Monte Schulz's This Side of Jordan is the first volume of a jazz-age trilogy that was twelve years in the writing, produced in tribute to Schulz's father, the cartoonist Charles M Schulz. It is beautifully written and thoroughly researched, a veritable time-machine that whirled me through time to the dirty back roads of the American midwest in the year before the Depression.
This Side of Jordan is the story of Alvin Pendergast, a selfish, ignorant, bitter consumptive farm-boy who lights out across America with Chester Burke, a vicious gangster and serial killer. On their first job, they pick up Rascal, a mad dwarf who's been imprisoned by his aunt who hopes to steal his inheritance. The three set out on a series of violent, picaresque adventures as Chester drags them from one act of bloody, senseless criminality to the next.

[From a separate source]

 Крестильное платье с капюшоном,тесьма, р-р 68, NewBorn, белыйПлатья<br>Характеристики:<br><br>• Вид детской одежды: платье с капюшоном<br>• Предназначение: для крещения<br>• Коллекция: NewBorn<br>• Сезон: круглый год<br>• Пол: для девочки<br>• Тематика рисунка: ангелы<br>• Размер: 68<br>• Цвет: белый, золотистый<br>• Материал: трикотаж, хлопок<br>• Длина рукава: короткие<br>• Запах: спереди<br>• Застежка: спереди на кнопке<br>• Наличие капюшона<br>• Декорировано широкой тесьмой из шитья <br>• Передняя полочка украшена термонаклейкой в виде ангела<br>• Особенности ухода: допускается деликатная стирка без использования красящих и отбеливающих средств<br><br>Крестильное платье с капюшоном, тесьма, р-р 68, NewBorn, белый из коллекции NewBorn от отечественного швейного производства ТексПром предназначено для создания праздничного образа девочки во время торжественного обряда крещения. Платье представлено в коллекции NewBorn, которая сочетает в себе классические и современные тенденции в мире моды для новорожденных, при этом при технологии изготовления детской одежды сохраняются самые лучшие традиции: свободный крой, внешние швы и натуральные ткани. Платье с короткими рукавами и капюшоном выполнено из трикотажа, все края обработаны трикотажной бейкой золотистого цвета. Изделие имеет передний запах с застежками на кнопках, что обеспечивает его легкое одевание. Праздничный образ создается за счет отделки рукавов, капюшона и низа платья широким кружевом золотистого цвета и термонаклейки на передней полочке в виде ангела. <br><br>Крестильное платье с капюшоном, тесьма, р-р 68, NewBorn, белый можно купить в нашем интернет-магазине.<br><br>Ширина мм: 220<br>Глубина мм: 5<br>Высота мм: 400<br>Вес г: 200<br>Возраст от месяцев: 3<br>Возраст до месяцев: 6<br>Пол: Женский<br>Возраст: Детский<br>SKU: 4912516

Did I mention how good the writing is? The writing is excellent. The characters — the unlikable, passive Alvin; the unlikable, psychotic Chester; the unlikable, compulsive liar Rascal — are extremely well drawn. The setting is so vivid I felt like I could fall into the book and lose myself there, landing on some dusty road in a tourist camp where the hicks waited to be fleeced or killed by Chester.
In case you missed it, though, I should reiterate that I didn't like any of these characters. The most active character was a sociopath. The secondmost active character was a hopeless, compulsive liar. The point of view character never does a thing off his own bat, and is, instead, led through the action by the people around him.
But I kept reading. I couldn't stop. This book is a masterpiece of setting and storytelling, even if most of the dramatic tension came from waiting for someone who wasn't an utter fool or villain to do something, anything, to change the situation.